I'd be all for additional programs for workforce housing. That'd be terrific. But if we never built another public housing unit in DC I'd be quite happy. Affordable housing in DC has for decades all too often (but not always) meant free shit for people that won't work. It has ruined neighborhoods, caused massive crime, given us decades of kids churned out by moms that couldn't care less, and has, ironically, made those that are actually responsible citizens but are temporarily down on their luck and/or are actually unable to work have to live in hellholes.

 

Agreed with Reid and Hillman on the nature of affordable housing in DC. Barry might be re-elected if he ran on an affordable housing platform.

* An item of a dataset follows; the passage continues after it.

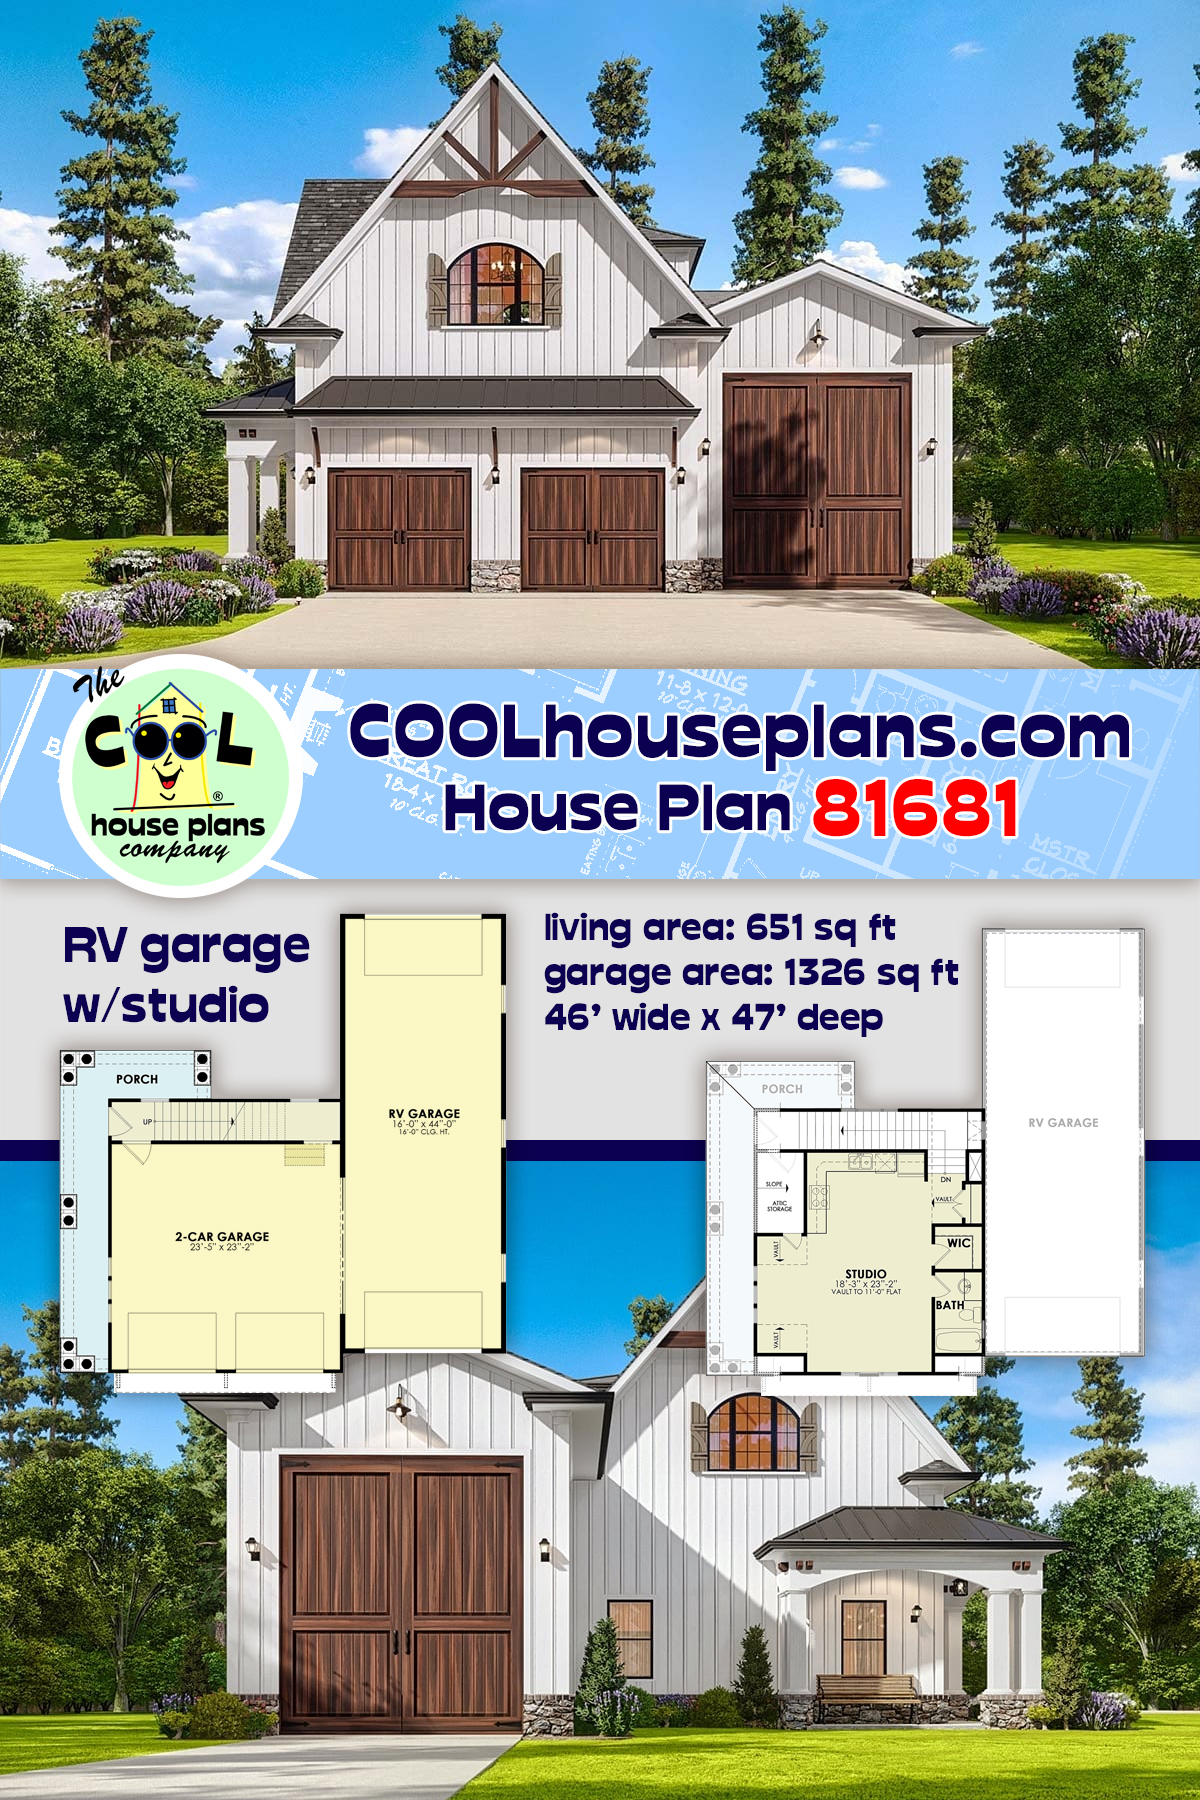 Cottage, Craftsman, European, French Country Garage-Living Plan 81681, 2 Car Garage

ME: DC Zoning is archaic, but it's not that archaic. We didn't even have zoning 'till the 50's. SP zoning is intended to function as a commercial/residential bridge, though it doesn't work that well in practice, mostly due to PUDs which historically have gamed the system toward higher density/more intensive use.

 

This is and stereotypical and somewhat antiquated view of public housing. Subsidized housing is a more apt description. For example, much of the SW residential development consists mixed-use development and subsidized housing for the elderly/persons with disability. Mixed-use development is fast become the norm for largescale residential developtment in DC -- market rate housing incorporating a fixed percentage of "affordable" housing units for qualified applicants (ie working poor).

Not exactly the welfare mother stereotype. It's an easy win for politicians who can claim to address affordable housing, and developers who can expedite zoning and building permit processes.